Durch die Nischen-Positionierung auf Wasserstoff-Technologien entstehen neue Arbeitsplätze, weil sich internationale Unternehmen ansiedeln, die ein entsprechendes Umfeld und einen Standort in einem EU-Land benötigen.
Im Herbst 2021 beginnt die Umsetzung
Für den Aufbau der Initiative “H2Linz” sind ab Herbst 2021 folgende Projekte geplant:
Linzer Wasserstoff-Rat
Mit den wichtigsten Playern aus der Linzer Industrie, der Forschung, der Verwaltung und den Banken wird der Linzer Wasserstoff-Rat gebildet. Dieser ist in die Strategie einbezogen, erarbeitet Empfehlungen und sorgt dafür, dass alle wichtigen Handlungsfelder aufeinander abgestimmt sind.
Betriebsanwerbung
Internationale Unternehmen erfahren, dass sie in Linz beim Thema Wasserstoff bessere Voraussetzungen vorfinden als anderswo. Mit einem Programm zur Betriebsanwerbung werden geeignete Unternehmen recherchiert und auf Vorstandsebene angesprochen. Für die wichtigsten Kriterien bei der Auswahl von Standorten werden die Vorteile und Argumente für Linz aufbereitet. Besondere Anreize werden entwickelt und kommuniziert.

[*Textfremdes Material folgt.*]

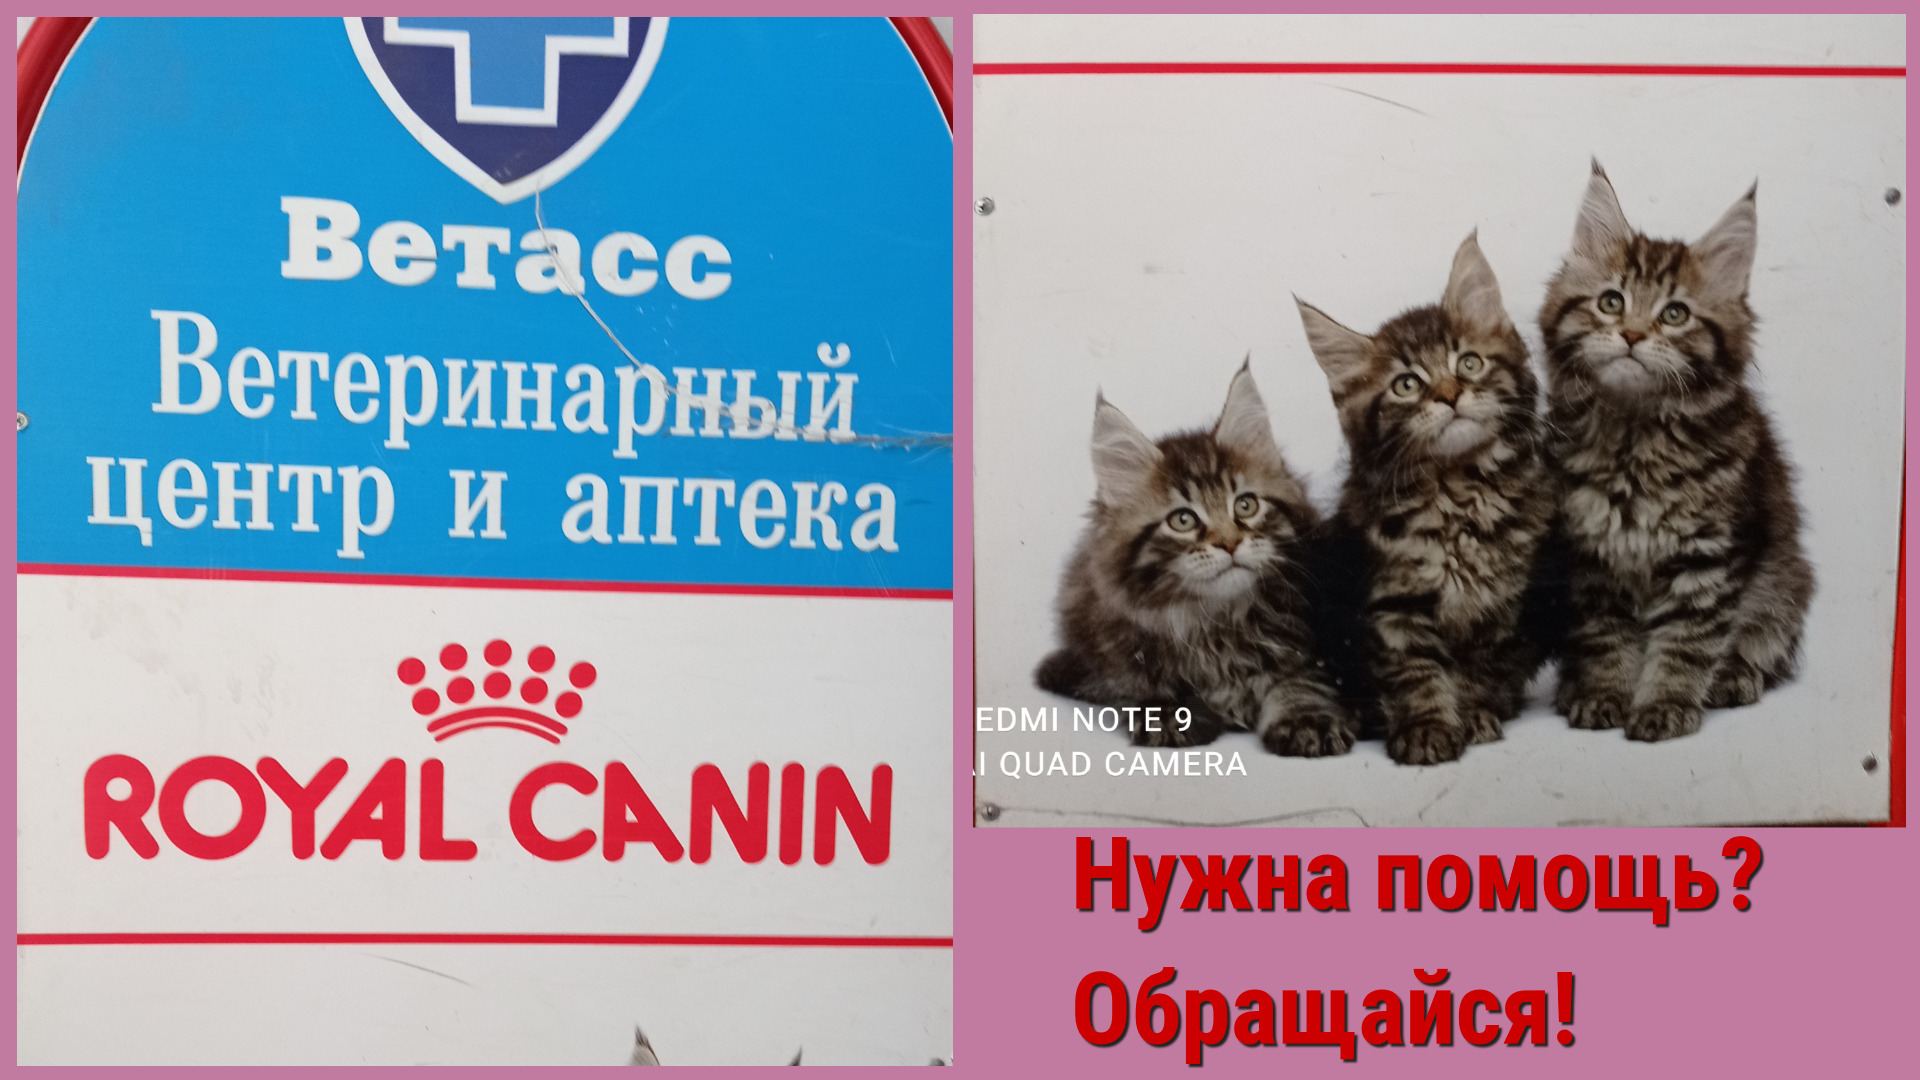 Ветеринарная клиника в Иваново "Ветасс", услуги животным.

Bürgerbeteiligungs-Programm
Die Linzerinnen und Linzer werden laufend über die Ziele und Maßnahmen der Initiative H2Linz informiert. Jene Linzerinnen und Linzer, die sich mit diesem Thema bereits intensiv befassen, können ihre Expertise und Kontakte einbringen. Die Einbindung der Bürgerinnen und Bürger wird im Innovations-Hauptplatz Linz erfolgen, da dort bereits die Kompetenz und Technologie für Partizipation gegeben ist.
Pilotprojekte für die Wasserstoff-Musterstadt Linz
Im Rahmen des Projekt-Aufbaus und unter Einbindung der Partner werden Pilotprojekte definiert und konzipiert, welche die Wasserstoff-Musterstadt Linz greifbar und sichtbar machen und die internationale, aber auch lokale Kommunikation für das Projekt wirksam unterstützen. Als Kriterien für die Auswahl dieser Pilotprojekte werden auch deren rasche Umsetzbarkeit und Signalwirkung berücksichtigt werden.